Though aesthetic pleasure is the goal of the strenuous impersonality
discovered here, the footpath followed can also provide a certain ethical
utility as well, where all of us think of ourselves as equals. Voilà, it has
provided us with a different way of looking at the social world. Others may
see it as a physical metaphor for misanthropic anti-hedonism, where flesh
deprivation is mixed with religion and rigorous logic. In fact, it is not any of
those things but all of those things.
One passes through the Catacombs in very small simpatico groups. But you
can lag behind a bit and experience private pools of sensation where you
might stroke the quivering surface of a row of skulls or smell their earthy
agitated odor, experiencing a pinnacle of somber imagination linked to
literally looking death in the face. Grief or rapture may be roused in you, and
stir you, to the point where you may find a string of tears on your cheeks.

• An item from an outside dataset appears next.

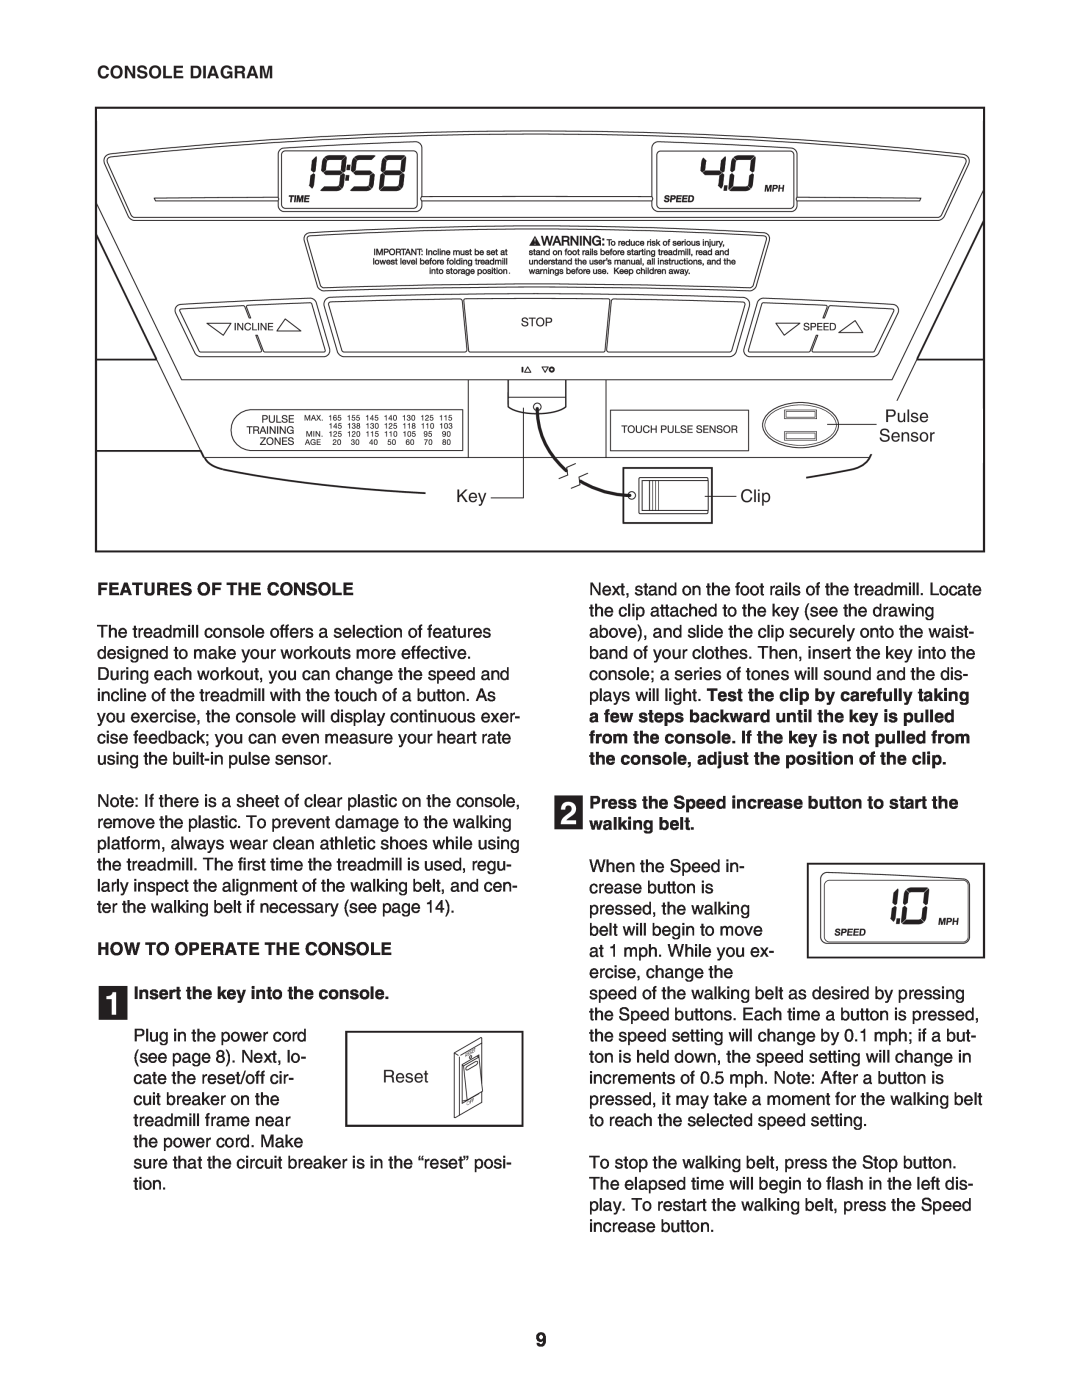 Image IMTL41205.0 Console Diagram, Features Of The Console, HOW TO OPERATE THE CONSOLE 1 Insert the key into the console

Besides Paris, there are many other examples of ossuaries found within
Europe, including the Santa Maria della Concezione dei Cappuccini in
Rome, in southern Italy at the Martyrs of Otranto; the Fontanelle cemetery
and Purgatorio ad Arco, Naples, at the San Bernardino alle Ossa in Milan;
the Sedlec Ossuary in the Czech Republic; the Skull Chapel in Czermna in
Lower Silesia, Poland; and the Capela dos Ossos (Chapel of Bones) in
Évora, Portugal. Dizzying to peruse, they are grim genius works of
morbidity that pertain to us all.
But nothing is like the Parisian Catacombs’ tottering bone-lined promenade
in how it grinds against the completing, reassuring, representations of
identity ideology. By its massive size and rigorous logic, it ponderously
invites thoughts of our ultimate integration, complete with elongated
excruciating washes of feelings based in the realization of our ultimate
dissolution. There, immersed in its trance-like boney repetitions that
hauntingly flow and resonate, we are part of those from The Cemetery of the
Innocents. This trembling concession to ego-loss provides consciousness an
elaborate experiential shock. We find ourselves in the midst of a quantitative
artistic space of great quality. One that may transform our opinion of the
value of distinctiveness.
Such a rich aesthetic antirealism welcomes identity politics to step onto the
path leading to the edge of the exalted.